И на тебе. Слетел с катушек. И что меня удивляло в этой ситуации больше всего, так это то, что подниматься с пола особого желания не испытывал. Знал, стоит мне отказаться от привычного застольного ночного ритуала с моим приятелем, а им стал, как нетрудно догадаться, Стас, я просто свихнусь от боли и тоски. Выбора у меня не было. Направо пойдёшь, коня потеряешь, налево пойдёшь, головы не сносить. А прямо… жены обрести мне не светило. Жены я лишился во имя высокого искусства, которое губил каждодневно бессмысленными загулами.

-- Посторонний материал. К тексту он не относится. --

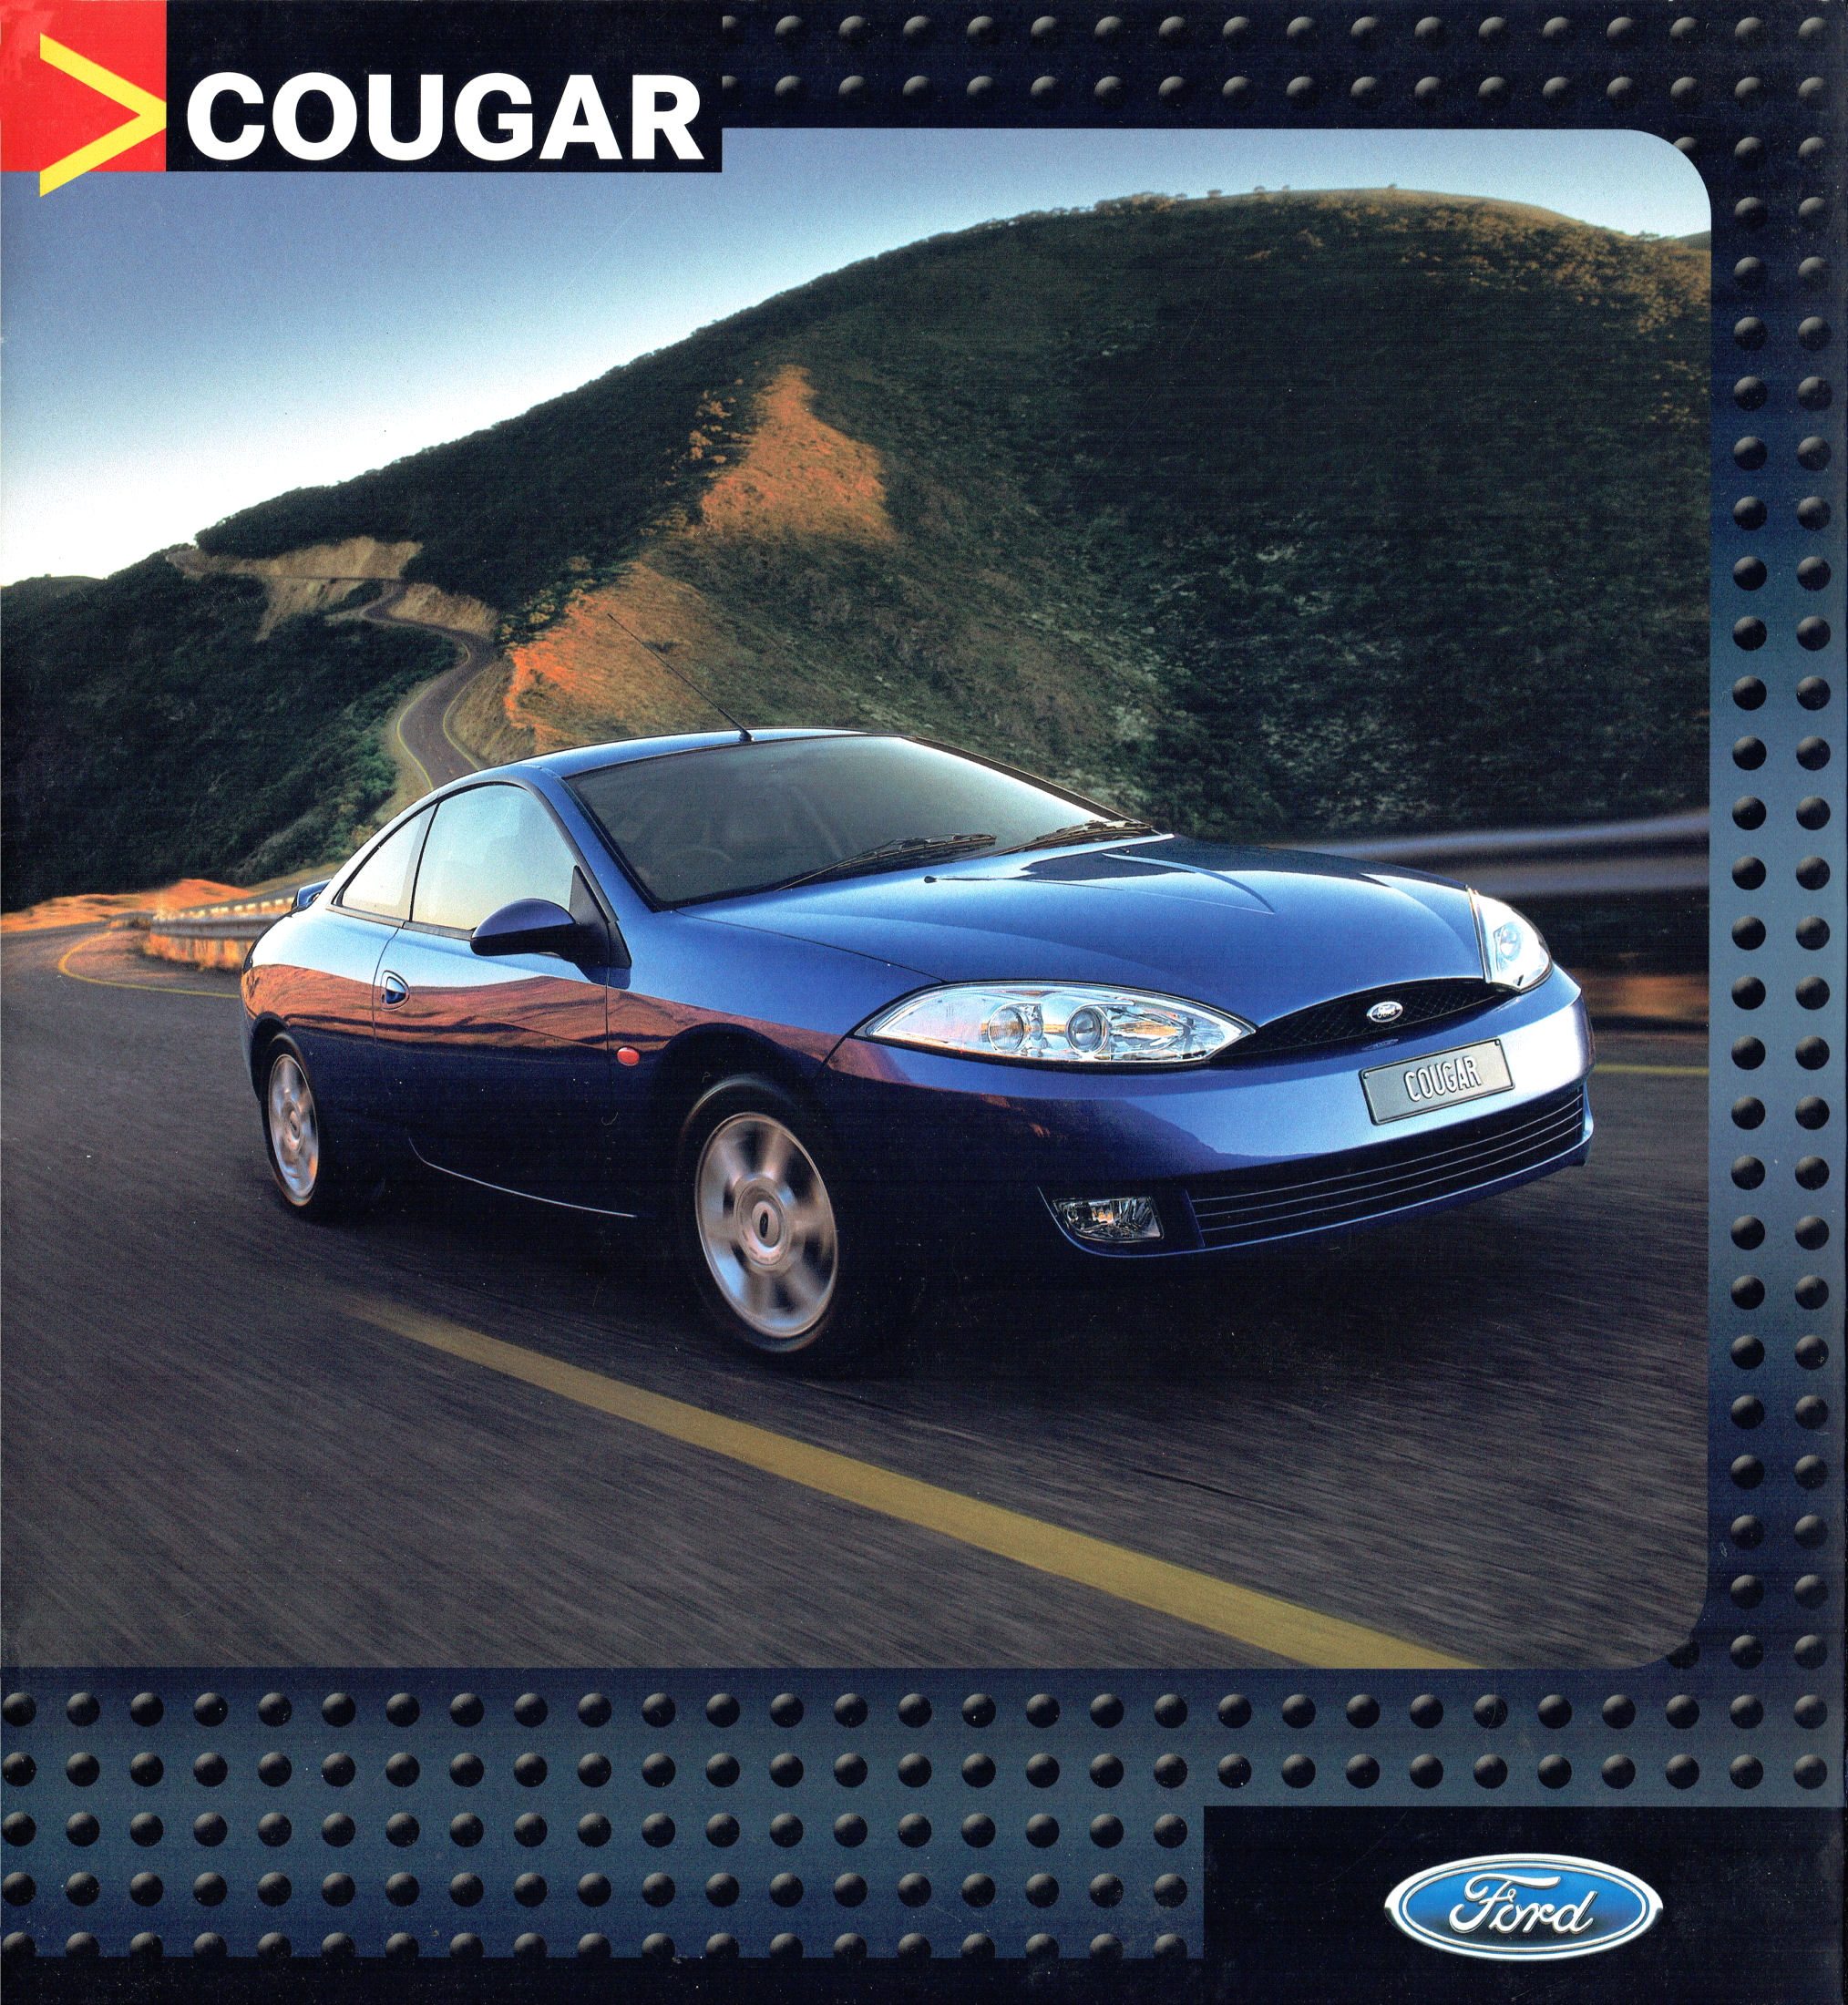 2001 Ford Cougar (Aus)-01

И тут Стас сорвался. Явился на спектакль в самом непотребном виде, когда в директорской ложе восседал правитель этой земли. Зная об этом визите, я заранее отказался от наших посиделок, предупредил товарища по несчастью, чтоб затаился, как мышь. Иначе загремит – костей не соберёшь. Не внял, загремел. И не просто загремел. С треском вылетел из театра, из казённой квартиры, из города. Руководство не приветствует тех, кто позволяет себе излишества не по чину.
Но беда приходит с той стороны, откуда её не ждёшь.

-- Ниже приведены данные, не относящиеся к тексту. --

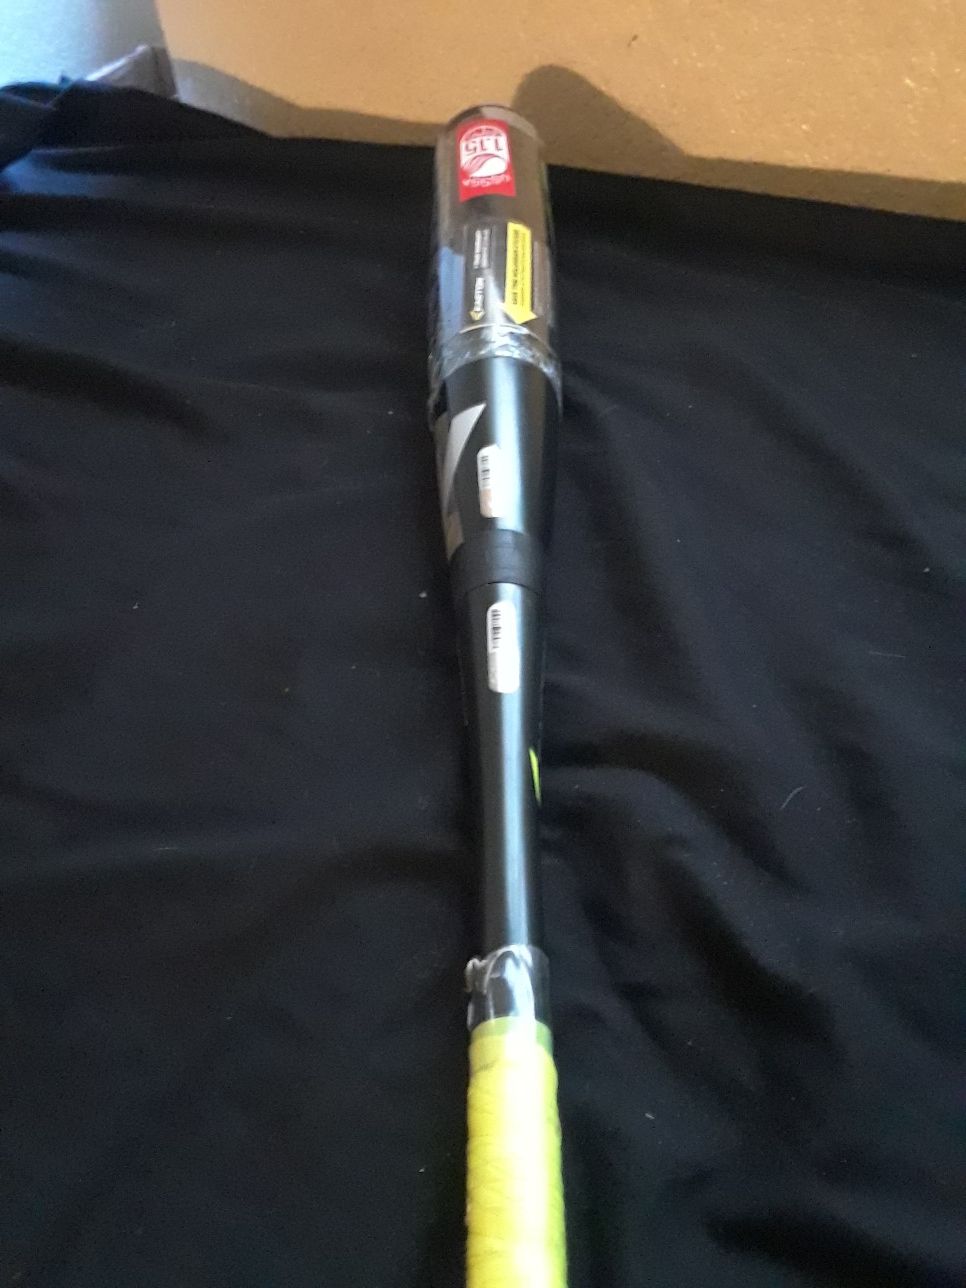 Easton s2 baseball bat

Воскресные сказки, как правило, играются в десять утра и двенадцать дня. Мы же должны успеть отдохнуть перед вечерним спектаклем. И, как на грех, в этот день на последнюю сказку касса сделала аншлаг, а молодой администратор по неопытности на это же время продал школе целевой спектакль. Замаячило третье представление. Мы для порядка пороптали, но не обижать же ребятишек. Собрались в гримёрке. И решили послать гонца для поднятия духа. Он принёс пять бутылок «Алжирского». Я заколебался… пить перед выходом для меня всегда было табу. А тут решил, приму чуток, вполноги отработаю. Подумают с устатку.
И не рассчитал. Потому как пяти бутылок на шесть актёров – слону дробинка. Принесли ещё…

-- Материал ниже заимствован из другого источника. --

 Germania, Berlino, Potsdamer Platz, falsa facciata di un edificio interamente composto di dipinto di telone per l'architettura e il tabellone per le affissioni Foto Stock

На сцене я должен был появиться минут через двадцать после начала сказки. Решил прилечь и тут же провалился в сон. Выкарабкиваться из него пришлось под истерические выкрики динамика.
— Балабанов, на сцену! Балабанов, твой выход!
Поднялся, шатаясь, кое-как добрался до кулис и буквально вывалился на авансцену. Заиграла музыка. Я должен был петь весёлую песню удачливого рыбака, вернувшегося с богатым уловом. Попытка подать голос не увенчалась успехом. Я обиделся, махнул на это дело рукой, круто развернулся и пошёл прочь. Отсыпаться. Меня перехватили. Втолкнули обратно. Ко мне подлетел партнёр, дружески обнял за плечи и скороговоркой произнёс:
— Ну и нарыбачился ты сегодня, Ваня. Двух слов, бедняга, связать не можешь. Не огорчайся. Присядь на пенёк…
Развернувшись спиной к залу, он усадил меня и прошептал?
— Не шевелись, Кира. Работать будем так. Я буду произносить свой и твой текст. А ты мне просто кивай, кивай… выкрутимся. Нам не впервой. А тебя с почином.
Так я прокивал всю сказку. Благо она шла без антракта. В финале настолько пришёл в себя, что лихо сплясал с ребятами барыню.
И всё бы ничего. Из своих не продал никто. Но учительнице показалось, что артист, игравший рыбака, не в форме. Она поднялась к директору. Тот принялся доказывать ей, что покажи она пальцем на любого артиста и его тут же уволят без выходного пособия. Но Балабанов, то есть я, трезвенник, каких мало. Она не отступала. Тогда директор вместе с ней спустился в гримёрку…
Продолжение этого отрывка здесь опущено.